Experts to Feds: Sign the DNS root ASAP
Leading Internet security authorities and vendors call for rapid deployment of security and authentication mechanisms at top level of DNS hierarchy
Follow @infoworldInternet security gurus and leading vendors are urging the U.S. federal government to rapidly deploy security and authentication mechanisms at the top level of the DNS hierarchy, which is known as the root zone.
In recent weeks, the National Telecommunications and Information Administration (NTIA) has received 30-plus comments in favor of securing DNS root zone data.
[ For more on the topic, see "U.S. gov't proposes digital signing of DNS root zone file" | Keep up on the latest tech news headlines at InfoWorld News, or subscribe to the Today's Headlines newsletter. ]
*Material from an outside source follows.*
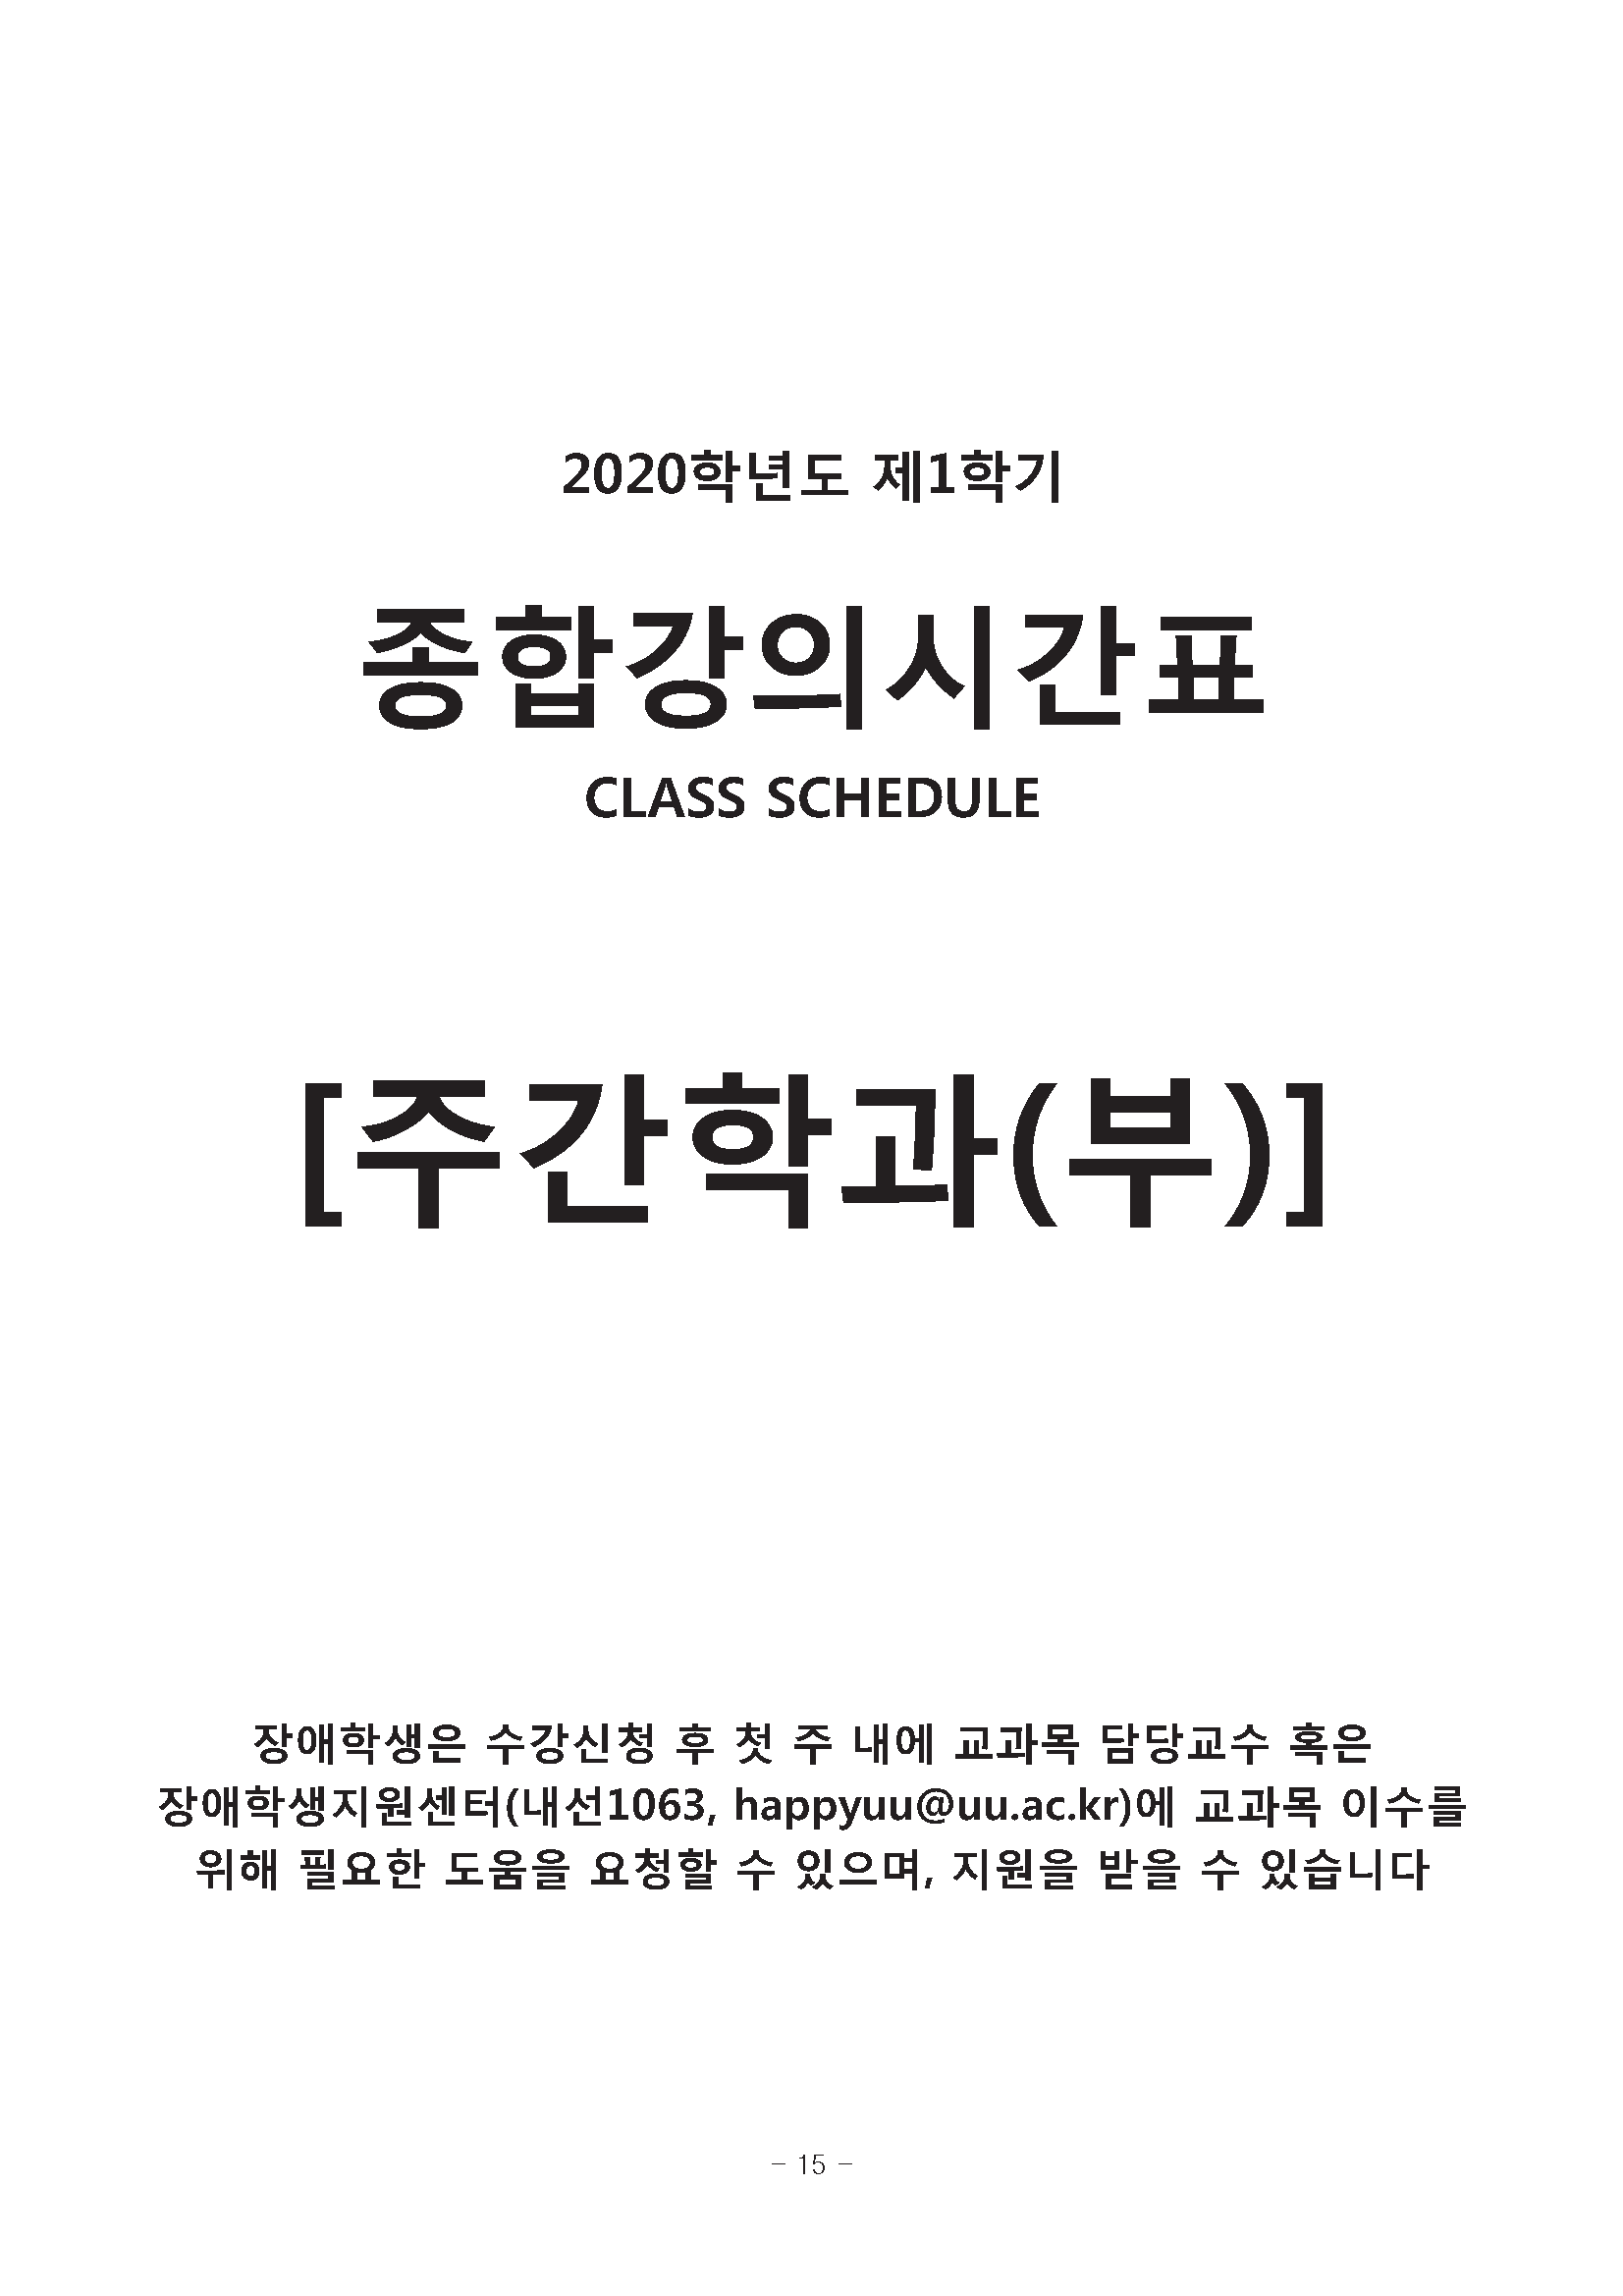 0302-2020학년도 1학기 강의시간표(교무팀_김동욱)15.png

These comments are from the Internet Architecture Board (IAB) and the Internet Society as well as ISPs and domain name operators such as PayPal, Akamai Technologies, NeuStar, Comcast, and Afilias.
The "rapid adoption of DNSSEC and signing of the root zone is an urgent requirement," wrote Michael Barrett, CISO with PayPal. "We applaud NTIA for initiating this inquiry, and urge it to move with all possible speed to implement DNSSEC [DNS Security Extensions]. Inaction or further delay would be detrimental to the interest of consumers and other Internet users and to the healthy growth of electronic commerce."
"Comcast is strongly in favor of the global adoption of DNSSEC, starting with the signing of the root," said a letter from Kathryn Zachem, vice president of regulatory and state legislative affairs, and Jason Livingood, executive director of Internet systems engineering with Comcast. "Until the root is signed, signatures for a top-level domain such as .net or .com, and signatures in domains like Comcast.net are of limited utility."
While the majority of the comments received by NTIA recommend deploying DNSSEC across the root zone, many of them prefer that this is done by the nonprofit Internet Corporation for Assigned Names and Numbers (ICANN) rather than a for-profit corporation such as VeriSign, which operates root servers A and J.
The Asia-Pacific Network Information Centre, a regional Internet registry, said it supports "ICANN's proposals to sign the root zone using the DNSSEC framework in a timely manner."
IAB chairman Olaf Kolkman similarly proposed that details about DNSSEC implementation on the root zone "should be decided upon within the context of the multi-stakeholder process, as currently embodied in ICANN. This would ensure involvement of all stakeholders through well established mechanisms."
The NTIA also received letters discouraging DNSSEC deployment from two lesser-known organizations -- PublicRoot Consortium and AV8 Internet -- as well as a few crackpot comments that are typical of any open Internet-based process.